Investigation Overview
San Diego, Jan. 11, 2012 (Shareholders Foundation) -- An investigation on behalf of investors in shares of United Community Banks, Inc. (NASDAQ:UCBI) over potential securities laws violations by certain officers and directors at United Community Banks was announced.
The investigation by a law firm focuses on possible claims on behalf of purchasers of the securities of United Community Banks, Inc. (NASDAQ:UCBI) concerning whether the company, certain of its officers and directors, or others have possibly violated federal securities laws. Specifically, the investigation concerns whether certain statements United Community Banks business, its prospects and its operations were potentially materially false and misleading at the time they were made.
Since its 1:5 split on June 20, 2011 shares of United Community Banks, Inc. (Public, NASDAQ:UCBI) dropped from over $11 per share in early August 2011 to as low as $6.28 per share in November 2011.
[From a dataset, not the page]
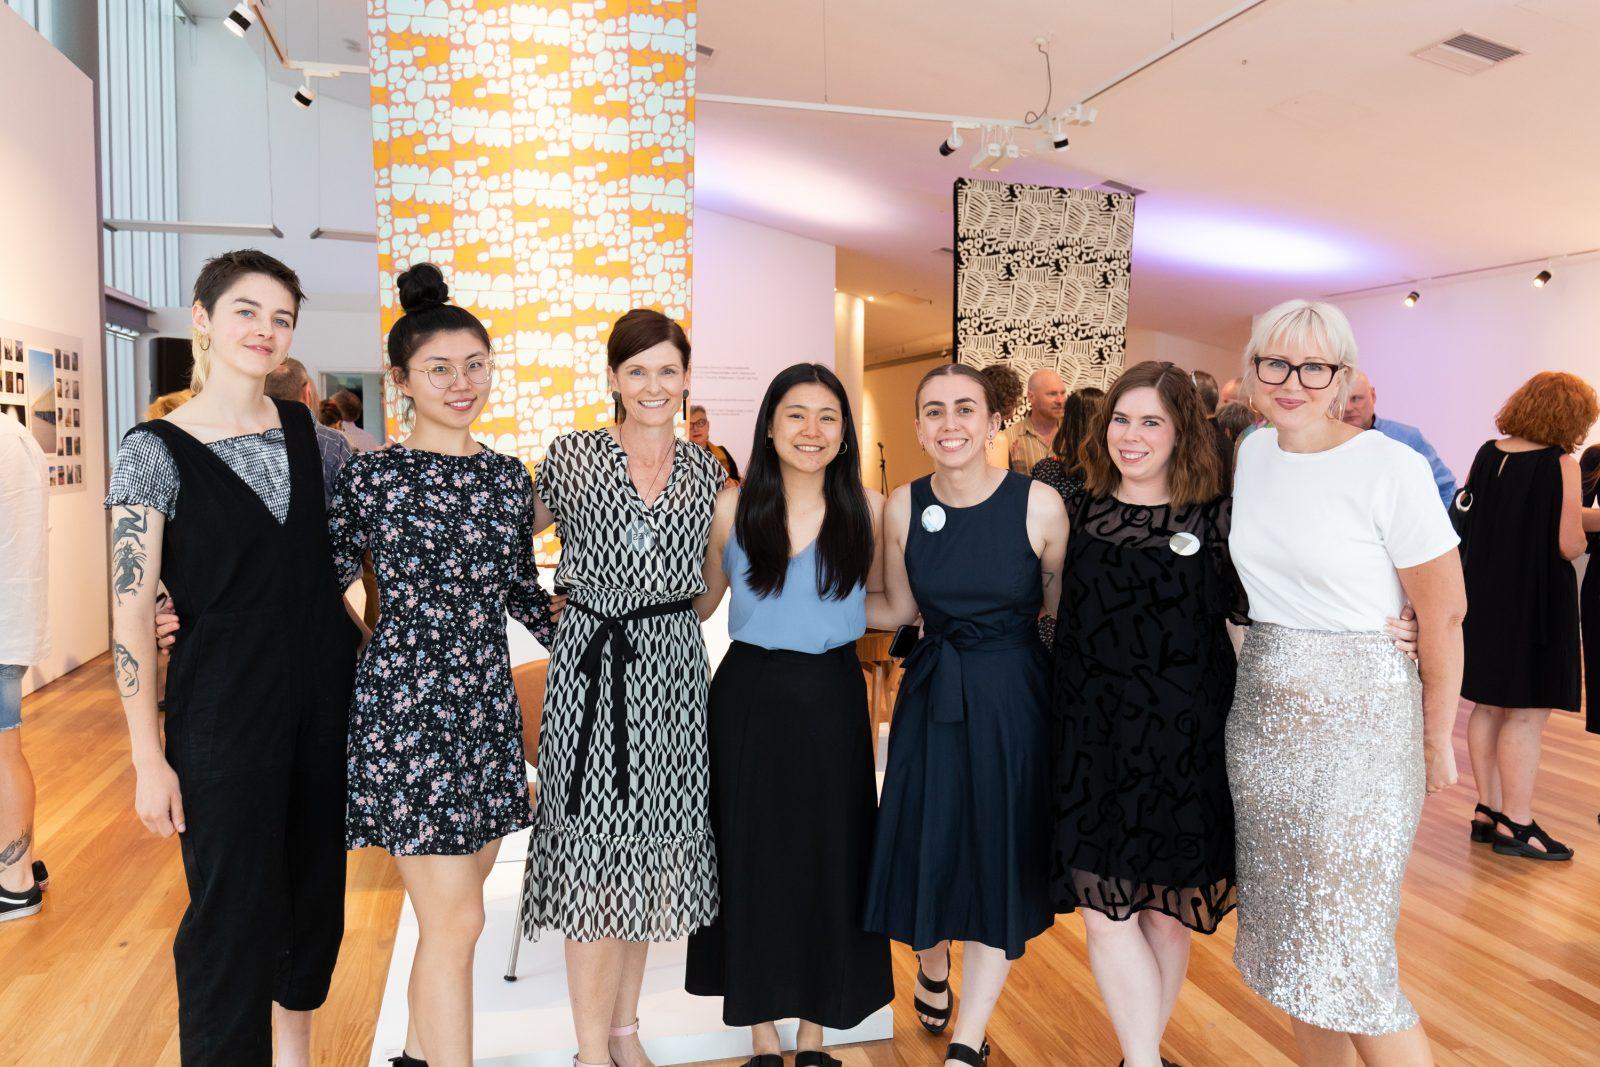 Craft ACT staff (L-R), Annie Parnell, Selena Kang, Rachael Coghlan, Vy Tsan, Madisyn Zabel, Meagan Jones and Kate Nixon. Photo: 5 Foot Photography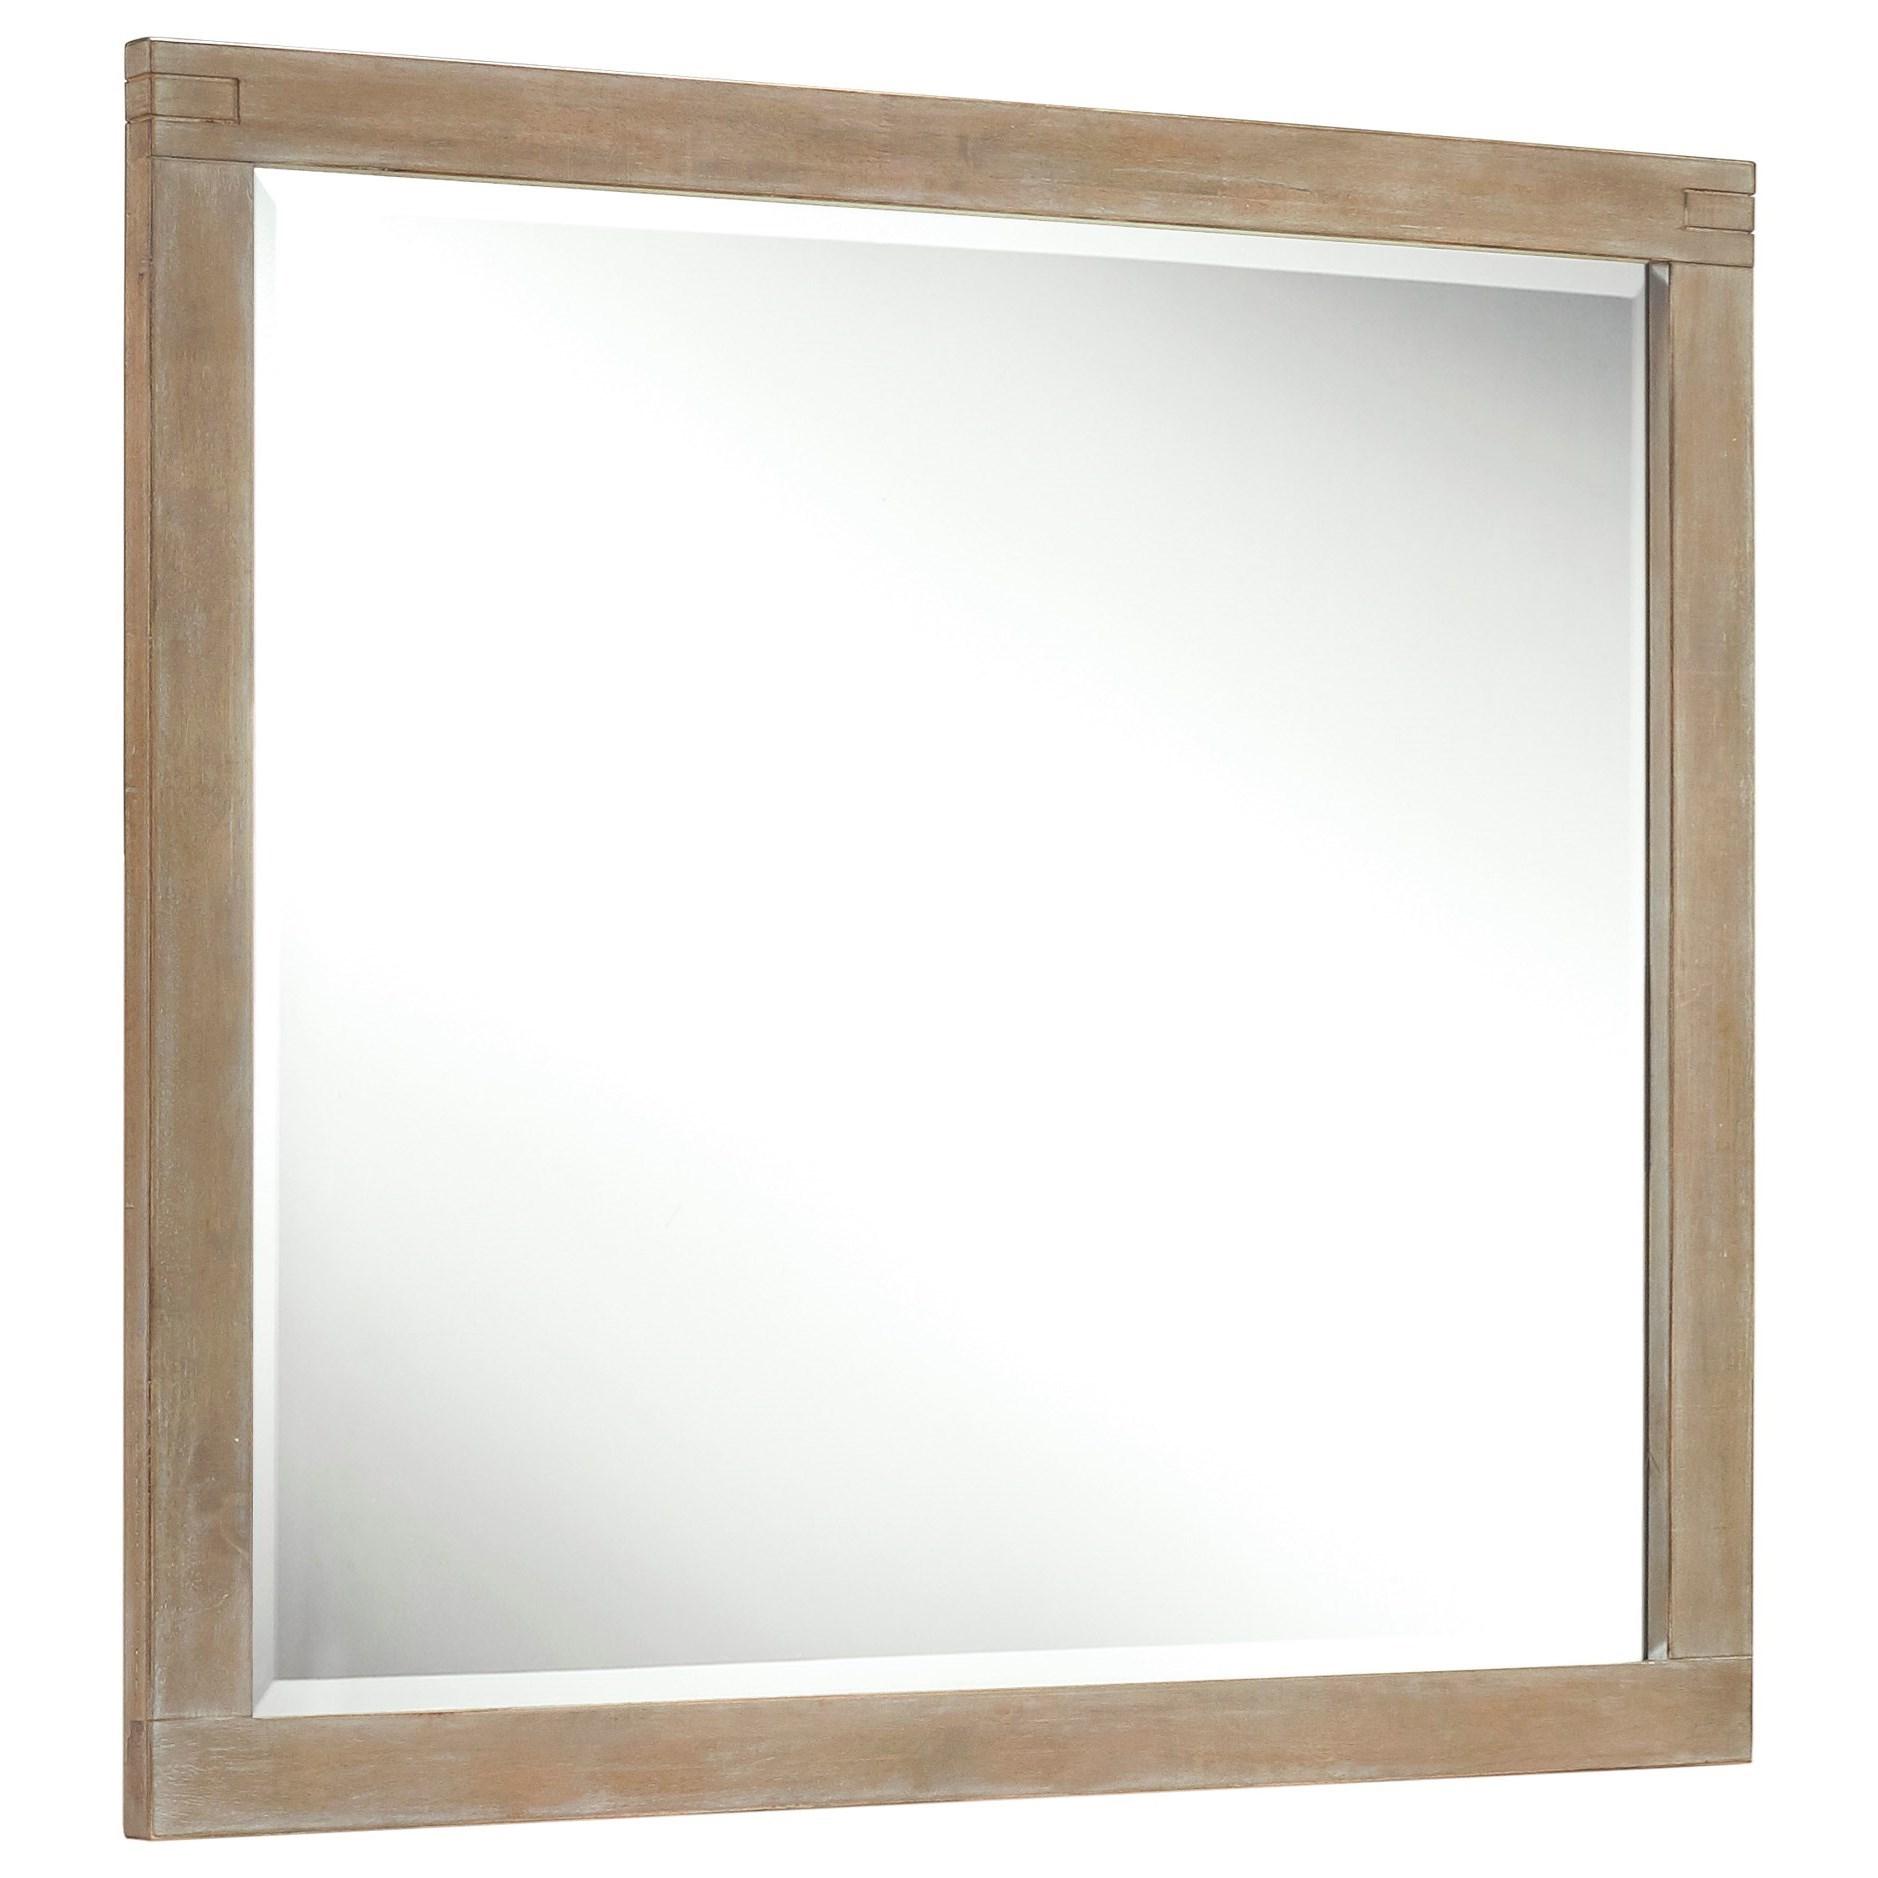 Ambrosh Mirror by Ashley Furniture at HomeWorld Furniture

Then on January 6, 2012, United Community Banks, Inc. announced that it will restate its financial statements for the fourth quarter and year ended December 31, 2010 and the first three quarters of 2011, and that the financial statements for the these periods should no longer be relied on.
United Community Banks, Inc. announced that it will record an additional income tax expense of $156.7 million and a charge to other comprehensive income in shareholders equity of $10.2 million in order to establish a full deferred tax asset valuation allowance as of December 31, 2010. United Community Banks, Inc. stated that it was recording this valuation allowance to resolve comments made by the U.S. Securities and Exchange Commission (SEC) regarding United Community Banks net deferred tax assets. United Community Banks, Inc. said that the revision for the fourth quarter of 2010 will increase the previously reported net loss of $16.4 million to $173.1 million or $9.25 per share, and will increase the previously reported net loss for the full year 2010 of $345.6 million to $502.3 million, or $27.09 per share.